Task objective
For the entries that follow, restate word for word the line containing "vivaldi concerto for", the line containing "Moto Brand Logo", and every line that lies between them.

Dataset extract below:

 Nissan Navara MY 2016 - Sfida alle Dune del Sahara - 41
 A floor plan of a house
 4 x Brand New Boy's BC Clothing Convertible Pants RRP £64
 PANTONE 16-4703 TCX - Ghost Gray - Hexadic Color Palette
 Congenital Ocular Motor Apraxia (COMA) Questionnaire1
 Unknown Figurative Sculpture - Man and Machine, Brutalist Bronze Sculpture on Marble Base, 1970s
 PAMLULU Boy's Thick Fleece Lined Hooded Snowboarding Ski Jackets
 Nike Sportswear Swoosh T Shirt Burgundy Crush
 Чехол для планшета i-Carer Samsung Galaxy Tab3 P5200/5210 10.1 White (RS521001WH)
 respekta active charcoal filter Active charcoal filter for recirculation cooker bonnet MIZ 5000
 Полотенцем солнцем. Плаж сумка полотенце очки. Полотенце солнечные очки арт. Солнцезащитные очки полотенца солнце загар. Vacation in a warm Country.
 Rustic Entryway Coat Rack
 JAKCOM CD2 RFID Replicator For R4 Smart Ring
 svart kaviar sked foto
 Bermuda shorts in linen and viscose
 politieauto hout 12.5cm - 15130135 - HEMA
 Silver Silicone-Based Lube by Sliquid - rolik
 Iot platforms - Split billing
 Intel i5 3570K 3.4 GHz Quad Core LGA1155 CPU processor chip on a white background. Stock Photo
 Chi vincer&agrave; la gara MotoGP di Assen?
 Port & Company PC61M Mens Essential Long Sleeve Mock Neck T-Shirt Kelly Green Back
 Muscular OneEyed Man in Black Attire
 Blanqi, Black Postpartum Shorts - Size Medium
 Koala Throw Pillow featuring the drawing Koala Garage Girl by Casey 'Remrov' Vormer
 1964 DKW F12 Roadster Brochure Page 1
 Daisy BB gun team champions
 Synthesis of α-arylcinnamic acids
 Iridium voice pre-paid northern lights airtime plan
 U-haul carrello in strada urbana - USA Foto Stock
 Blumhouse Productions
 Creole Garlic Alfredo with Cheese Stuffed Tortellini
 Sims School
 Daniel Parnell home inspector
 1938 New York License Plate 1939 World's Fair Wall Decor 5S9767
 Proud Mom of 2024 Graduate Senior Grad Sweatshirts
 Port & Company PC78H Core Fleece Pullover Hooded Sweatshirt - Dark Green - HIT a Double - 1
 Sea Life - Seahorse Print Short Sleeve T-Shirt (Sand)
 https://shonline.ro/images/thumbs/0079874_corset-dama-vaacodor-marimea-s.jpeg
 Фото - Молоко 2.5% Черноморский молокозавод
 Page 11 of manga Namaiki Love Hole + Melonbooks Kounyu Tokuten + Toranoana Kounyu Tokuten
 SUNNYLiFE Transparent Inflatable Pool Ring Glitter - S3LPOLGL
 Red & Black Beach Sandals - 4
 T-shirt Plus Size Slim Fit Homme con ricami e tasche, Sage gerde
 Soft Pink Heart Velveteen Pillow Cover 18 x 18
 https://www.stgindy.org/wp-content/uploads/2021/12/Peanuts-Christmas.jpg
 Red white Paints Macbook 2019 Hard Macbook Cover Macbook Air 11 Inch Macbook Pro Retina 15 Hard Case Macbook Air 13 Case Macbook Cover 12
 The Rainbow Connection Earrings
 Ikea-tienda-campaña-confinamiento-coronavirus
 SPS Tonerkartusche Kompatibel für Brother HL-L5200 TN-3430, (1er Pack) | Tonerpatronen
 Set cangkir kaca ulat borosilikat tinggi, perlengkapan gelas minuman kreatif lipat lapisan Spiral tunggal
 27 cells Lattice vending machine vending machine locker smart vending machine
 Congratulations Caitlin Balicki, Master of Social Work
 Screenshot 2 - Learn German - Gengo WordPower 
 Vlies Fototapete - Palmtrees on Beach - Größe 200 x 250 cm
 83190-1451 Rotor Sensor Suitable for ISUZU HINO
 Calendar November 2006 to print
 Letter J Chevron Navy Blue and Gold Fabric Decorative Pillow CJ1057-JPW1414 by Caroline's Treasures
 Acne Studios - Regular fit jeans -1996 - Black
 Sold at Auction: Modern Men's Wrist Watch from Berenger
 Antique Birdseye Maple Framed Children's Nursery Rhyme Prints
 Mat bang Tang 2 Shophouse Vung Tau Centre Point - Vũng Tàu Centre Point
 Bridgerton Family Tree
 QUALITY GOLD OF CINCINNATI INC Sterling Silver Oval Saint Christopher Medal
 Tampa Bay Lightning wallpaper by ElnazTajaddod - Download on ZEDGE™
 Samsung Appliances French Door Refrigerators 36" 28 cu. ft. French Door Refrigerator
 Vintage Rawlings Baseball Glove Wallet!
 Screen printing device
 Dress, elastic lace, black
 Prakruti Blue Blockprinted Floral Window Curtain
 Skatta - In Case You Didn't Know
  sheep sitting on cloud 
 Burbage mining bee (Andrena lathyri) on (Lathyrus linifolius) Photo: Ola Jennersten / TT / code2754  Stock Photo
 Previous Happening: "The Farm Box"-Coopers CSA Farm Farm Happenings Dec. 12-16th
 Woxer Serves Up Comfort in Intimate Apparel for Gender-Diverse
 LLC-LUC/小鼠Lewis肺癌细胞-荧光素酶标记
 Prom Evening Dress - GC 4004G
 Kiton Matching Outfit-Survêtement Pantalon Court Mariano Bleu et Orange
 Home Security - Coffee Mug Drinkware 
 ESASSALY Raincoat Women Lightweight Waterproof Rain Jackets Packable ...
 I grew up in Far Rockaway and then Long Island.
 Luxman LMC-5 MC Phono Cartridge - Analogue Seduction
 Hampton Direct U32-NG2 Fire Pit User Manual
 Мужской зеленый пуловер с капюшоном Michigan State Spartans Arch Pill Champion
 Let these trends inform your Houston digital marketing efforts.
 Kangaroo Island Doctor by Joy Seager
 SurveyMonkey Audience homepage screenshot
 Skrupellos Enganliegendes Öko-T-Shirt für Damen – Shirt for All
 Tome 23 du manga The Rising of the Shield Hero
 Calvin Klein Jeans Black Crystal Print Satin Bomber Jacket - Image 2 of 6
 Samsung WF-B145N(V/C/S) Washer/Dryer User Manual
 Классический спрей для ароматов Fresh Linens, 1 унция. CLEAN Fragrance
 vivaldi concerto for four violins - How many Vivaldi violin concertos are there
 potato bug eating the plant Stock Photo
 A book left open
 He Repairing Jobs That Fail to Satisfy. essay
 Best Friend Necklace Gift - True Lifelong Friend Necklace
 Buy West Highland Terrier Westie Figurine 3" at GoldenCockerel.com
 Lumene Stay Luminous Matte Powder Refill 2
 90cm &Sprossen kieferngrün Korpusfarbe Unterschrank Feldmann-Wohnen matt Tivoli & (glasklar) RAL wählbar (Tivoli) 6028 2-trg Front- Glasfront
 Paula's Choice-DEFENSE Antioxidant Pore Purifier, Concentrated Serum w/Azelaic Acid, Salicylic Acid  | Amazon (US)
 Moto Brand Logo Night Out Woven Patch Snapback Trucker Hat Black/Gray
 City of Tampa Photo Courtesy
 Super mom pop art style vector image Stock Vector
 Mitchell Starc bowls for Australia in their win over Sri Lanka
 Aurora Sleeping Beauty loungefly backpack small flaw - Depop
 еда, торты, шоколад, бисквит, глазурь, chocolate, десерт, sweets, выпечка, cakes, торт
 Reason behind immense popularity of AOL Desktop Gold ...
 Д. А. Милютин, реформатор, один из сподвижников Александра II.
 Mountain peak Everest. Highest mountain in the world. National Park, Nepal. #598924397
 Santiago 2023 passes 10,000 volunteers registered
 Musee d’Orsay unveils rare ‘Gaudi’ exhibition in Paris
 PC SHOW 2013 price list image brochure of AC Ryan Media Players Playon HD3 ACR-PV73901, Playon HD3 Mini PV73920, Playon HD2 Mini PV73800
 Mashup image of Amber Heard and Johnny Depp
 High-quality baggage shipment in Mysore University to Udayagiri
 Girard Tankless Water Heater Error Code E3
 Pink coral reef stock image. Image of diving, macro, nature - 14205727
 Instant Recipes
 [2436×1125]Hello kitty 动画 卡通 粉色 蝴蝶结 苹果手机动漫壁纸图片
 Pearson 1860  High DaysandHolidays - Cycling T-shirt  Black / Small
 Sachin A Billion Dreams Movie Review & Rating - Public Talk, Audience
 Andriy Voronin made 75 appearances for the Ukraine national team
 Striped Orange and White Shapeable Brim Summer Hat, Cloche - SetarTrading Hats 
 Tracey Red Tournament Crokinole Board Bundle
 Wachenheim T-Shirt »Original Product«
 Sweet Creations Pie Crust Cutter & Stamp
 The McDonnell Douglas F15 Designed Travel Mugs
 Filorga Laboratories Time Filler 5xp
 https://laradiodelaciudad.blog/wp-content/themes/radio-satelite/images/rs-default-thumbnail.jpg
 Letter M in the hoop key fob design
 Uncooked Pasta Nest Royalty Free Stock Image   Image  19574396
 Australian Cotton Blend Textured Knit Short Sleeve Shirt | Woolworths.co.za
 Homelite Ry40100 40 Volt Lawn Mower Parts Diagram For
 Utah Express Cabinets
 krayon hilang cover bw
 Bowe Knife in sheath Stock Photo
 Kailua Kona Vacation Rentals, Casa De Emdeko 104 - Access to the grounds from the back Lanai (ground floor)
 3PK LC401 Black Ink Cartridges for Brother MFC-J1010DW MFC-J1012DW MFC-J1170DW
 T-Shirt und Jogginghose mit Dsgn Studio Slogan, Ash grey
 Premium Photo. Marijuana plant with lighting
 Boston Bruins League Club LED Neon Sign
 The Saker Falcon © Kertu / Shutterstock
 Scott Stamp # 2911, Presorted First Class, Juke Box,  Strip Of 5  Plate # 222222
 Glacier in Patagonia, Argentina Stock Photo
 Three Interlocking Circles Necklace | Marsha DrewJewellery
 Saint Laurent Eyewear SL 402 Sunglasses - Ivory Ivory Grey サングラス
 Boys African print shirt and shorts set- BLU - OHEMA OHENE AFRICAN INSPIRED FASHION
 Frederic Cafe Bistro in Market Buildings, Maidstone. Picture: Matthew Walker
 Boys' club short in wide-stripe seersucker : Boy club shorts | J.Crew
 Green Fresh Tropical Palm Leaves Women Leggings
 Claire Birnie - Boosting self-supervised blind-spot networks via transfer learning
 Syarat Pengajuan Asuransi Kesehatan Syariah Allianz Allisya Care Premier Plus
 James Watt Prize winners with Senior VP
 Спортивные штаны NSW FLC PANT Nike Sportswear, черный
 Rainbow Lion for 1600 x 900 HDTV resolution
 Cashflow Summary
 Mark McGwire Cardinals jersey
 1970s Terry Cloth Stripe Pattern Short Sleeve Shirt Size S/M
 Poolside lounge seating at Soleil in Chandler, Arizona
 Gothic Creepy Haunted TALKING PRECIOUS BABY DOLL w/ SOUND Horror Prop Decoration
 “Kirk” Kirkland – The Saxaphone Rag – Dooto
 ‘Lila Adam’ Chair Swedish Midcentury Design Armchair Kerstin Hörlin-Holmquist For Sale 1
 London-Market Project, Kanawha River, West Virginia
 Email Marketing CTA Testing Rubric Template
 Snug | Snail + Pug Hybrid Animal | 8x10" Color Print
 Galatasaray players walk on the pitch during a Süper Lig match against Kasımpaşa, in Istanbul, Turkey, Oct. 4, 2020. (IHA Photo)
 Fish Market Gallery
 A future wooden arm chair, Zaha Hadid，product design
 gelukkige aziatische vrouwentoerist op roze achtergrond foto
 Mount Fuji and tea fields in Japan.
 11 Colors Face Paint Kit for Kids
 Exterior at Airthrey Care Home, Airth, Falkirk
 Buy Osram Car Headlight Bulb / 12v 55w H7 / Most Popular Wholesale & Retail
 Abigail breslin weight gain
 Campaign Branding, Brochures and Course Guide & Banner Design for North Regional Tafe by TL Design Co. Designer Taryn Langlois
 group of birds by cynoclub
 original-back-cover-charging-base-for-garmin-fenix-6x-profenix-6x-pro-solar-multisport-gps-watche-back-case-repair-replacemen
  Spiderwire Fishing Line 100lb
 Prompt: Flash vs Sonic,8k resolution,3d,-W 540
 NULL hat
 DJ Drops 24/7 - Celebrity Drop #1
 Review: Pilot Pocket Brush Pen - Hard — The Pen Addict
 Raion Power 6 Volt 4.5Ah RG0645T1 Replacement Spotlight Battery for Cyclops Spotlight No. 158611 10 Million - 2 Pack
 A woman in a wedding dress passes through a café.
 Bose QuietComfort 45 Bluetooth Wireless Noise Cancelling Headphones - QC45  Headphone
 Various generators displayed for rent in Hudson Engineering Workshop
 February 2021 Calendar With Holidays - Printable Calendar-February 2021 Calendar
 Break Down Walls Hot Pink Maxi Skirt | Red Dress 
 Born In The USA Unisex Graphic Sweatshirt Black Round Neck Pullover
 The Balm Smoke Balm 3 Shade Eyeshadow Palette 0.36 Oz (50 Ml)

End of Dataset extract.

Written reply
 vivaldi concerto for four violins - How many Vivaldi violin concertos are there
 potato bug eating the plant Stock Photo
 A book left open
 He Repairing Jobs That Fail to Satisfy. essay
 Best Friend Necklace Gift - True Lifelong Friend Necklace
 Buy West Highland Terrier Westie Figurine 3" at GoldenCockerel.com
 Lumene Stay Luminous Matte Powder Refill 2
 90cm &Sprossen kieferngrün Korpusfarbe Unterschrank Feldmann-Wohnen matt Tivoli & (glasklar) RAL wählbar (Tivoli) 6028 2-trg Front- Glasfront
 Paula's Choice-DEFENSE Antioxidant Pore Purifier, Concentrated Serum w/Azelaic Acid, Salicylic Acid  | Amazon (US)
 Moto Brand Logo Night Out Woven Patch Snapback Trucker Hat Black/Gray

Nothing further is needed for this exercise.